Page 9 of Love By the Slice

She might not see that anytime soon because of her class schedule, so he added, “But I asked the middle schoolers to tell him to come.”

Rowan was about the age when you had to sit a boy down and say, “This is deodorant, and you need to use it every day. These are socks, and you need to change them every day.” Could it be more? A while back, Greg had heard about some people having a weird body odor because of a medical problem, but he couldn’t remember what they were supposed to do. Go to a doctor, probably. Shelly couldn’t make the kid go to a doctor, could she?

It was an hour until Shelly replied, “Yeah, I figured. When will he come back?”

It hadn’t occurred to Greg until this moment that if the boys came back with their Rowan-coupon expecting a discount, it wouldn’t happen unless Greg was the one behind the counter. But Greg wasn’t on every day. In fact, he wouldn’t be on for a few days now.

He texted, “That might be a problem.”

“We’re going to have to tell Ezra and Lacey what’s going on. We can figure this out.” That came pretty quickly, followed by, “Did you get a sense of why he’s a pariah?”

Greg texted, “They said he smells bad and won’t talk to anyone.”

Dead silence from his phone.

Greg assembled and cooked three pizzas by the time Shelly replied again. “We need to help him.”

Wasn’t that the goal all along?

She chased that with, “We should find out what grade he’s in and ask the school to do a wellness check, and then we should see if we can help. Maybe get him better clothes. Maybe access to a laundromat. I hope they don’t remove him from the home.”

Greg replied, “Why would they?”

“An underfed kid who’s not getting clean clothes and can’t take a shower?” Then a pause. “You’re right, they’d probably leave him there. Social services isn’t the best.”

That sounded bitter, so he replied, “And here you said social services didn’t get the respect it should get.”

She shot back, “Not always that much to respect.” Followed a second later by, “Sorry. It’s just a sore subject. They’re underfunded and overworked. Anyhow, we should figure something out for him.”

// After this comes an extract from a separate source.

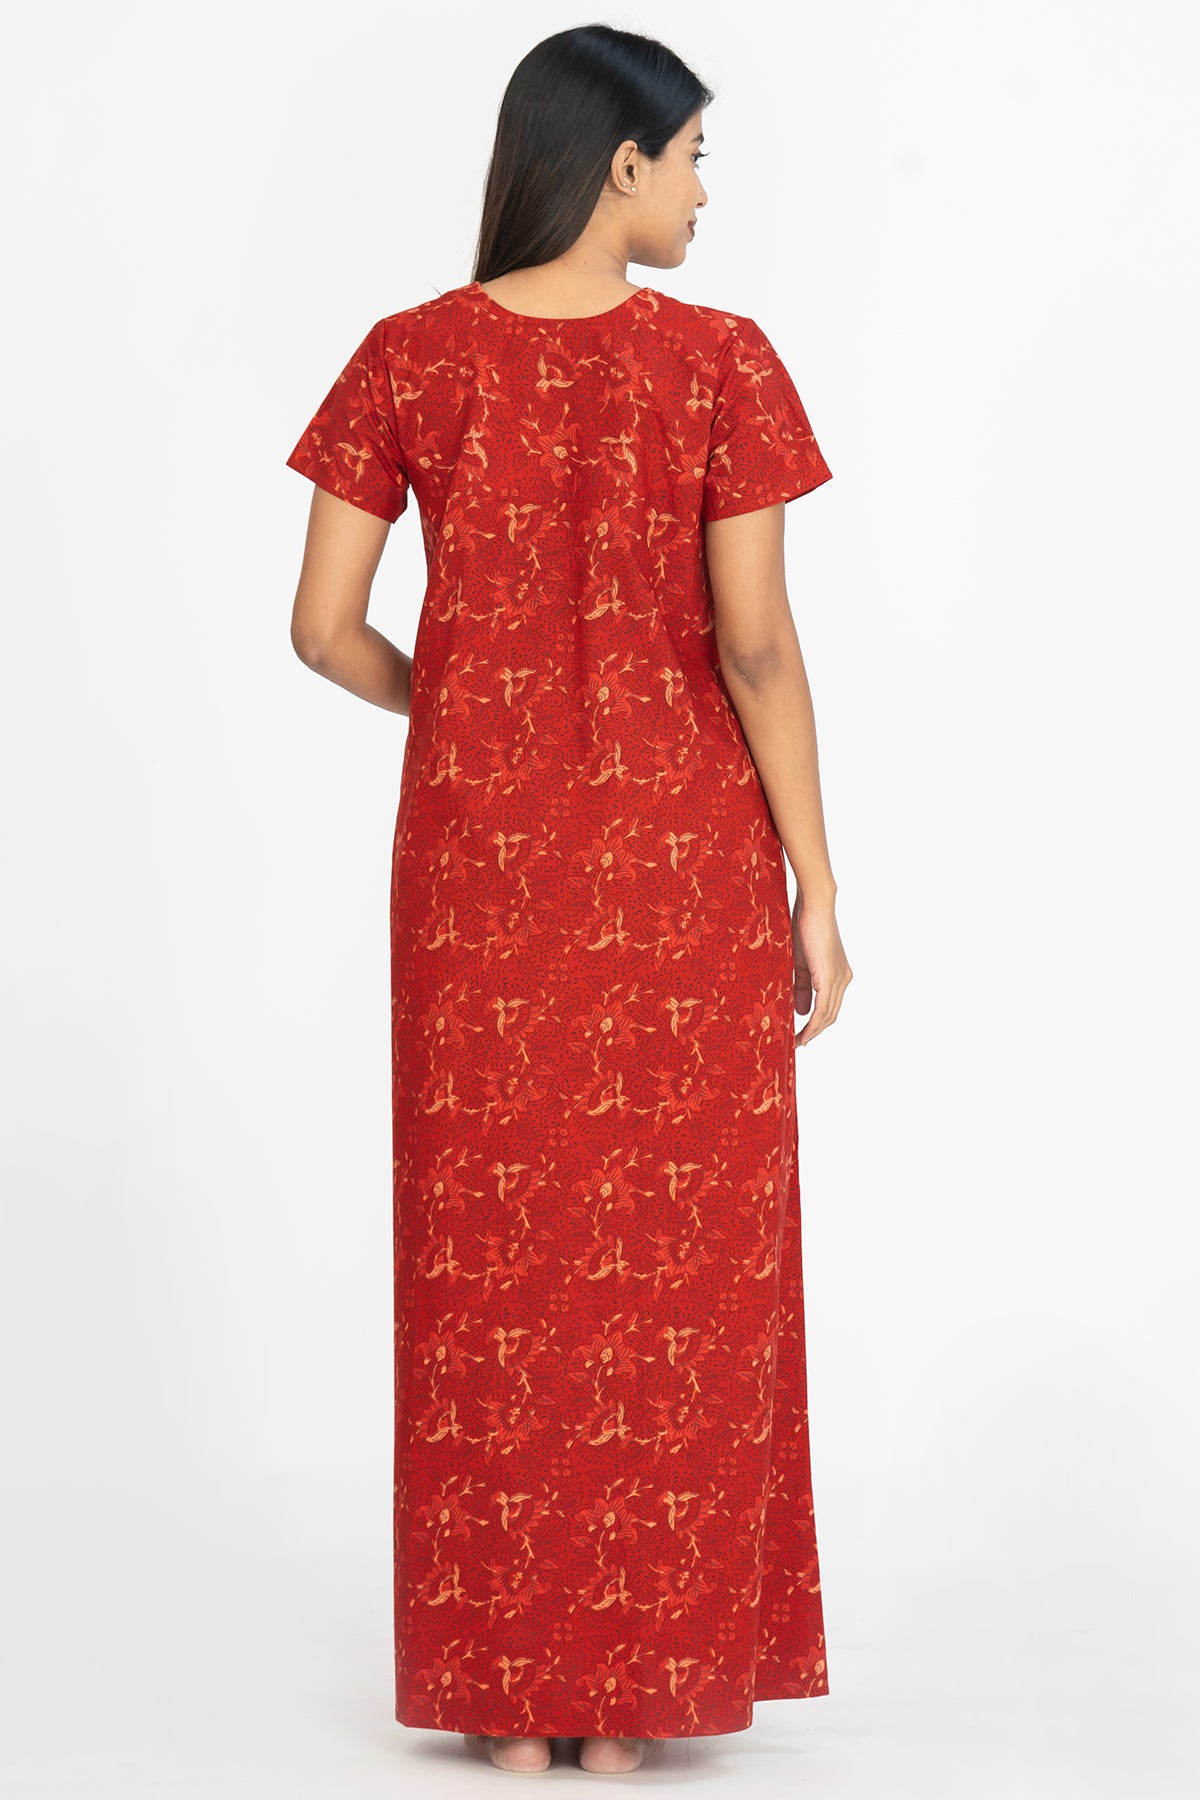 All Over Floral Abstract Printed With Contrast Yoke Nighty - Red

Greg took an order over the phone, then added it to the stack of orders coming in online. This wouldn’t be a terribly busy night, but they’d sell out the Loveless One Hundred. The rush and ebb of work gave him time to think.

Shelly had leaped right to assuming Rowan didn’t have clean clothes or access to a shower. Could that be true? Could kids be homeless? It made sense, but probably it was just a thing that would work itself out over time.

She texted him, “I’m going to alert the school for a wellness check now, before we talk to him.”

The school would fix it. Or maybe Rowan’s family just needed their washing machine replaced. But the school should have resources and stuff. It would be fine.

She texted an hour later. “I wish we knew where he lived.”

That would be a massive breech of privacy, right? To go track down the kid’s family and show up at their door? “What would you do?”

“Make sure the family’s all right. Figure out what’s wrong.”

And then, “No one ever did that for us.”

Greg replied, “No one?”

Based on how Ezra described their childhood, Greg found that hard to believe. Ezra said some days there hadn’t been food at all.

Shelly replied, “No one who did anything about it. We got gift baskets from time to time, but nothing to get us out of there.”

Shelly was aiming straight for the worst case scenario here: wholesale neglect and starvation, as opposed to maybe a mischievous kid who forgot to change his socks. The school would ring the doorbell, and it would turn out Rowan didn’t know you were supposed to use two laundry detergent pods for a full load.

It wasn’t really their problem to solve, in other words. But he’d help Shelly because she seemed so driven.

And, anyhow, it was keeping her talking. They hadn’t texted this much in the past couple of years, so if they could help a kid and he could get her closer to him, well, those were two good things that could happen.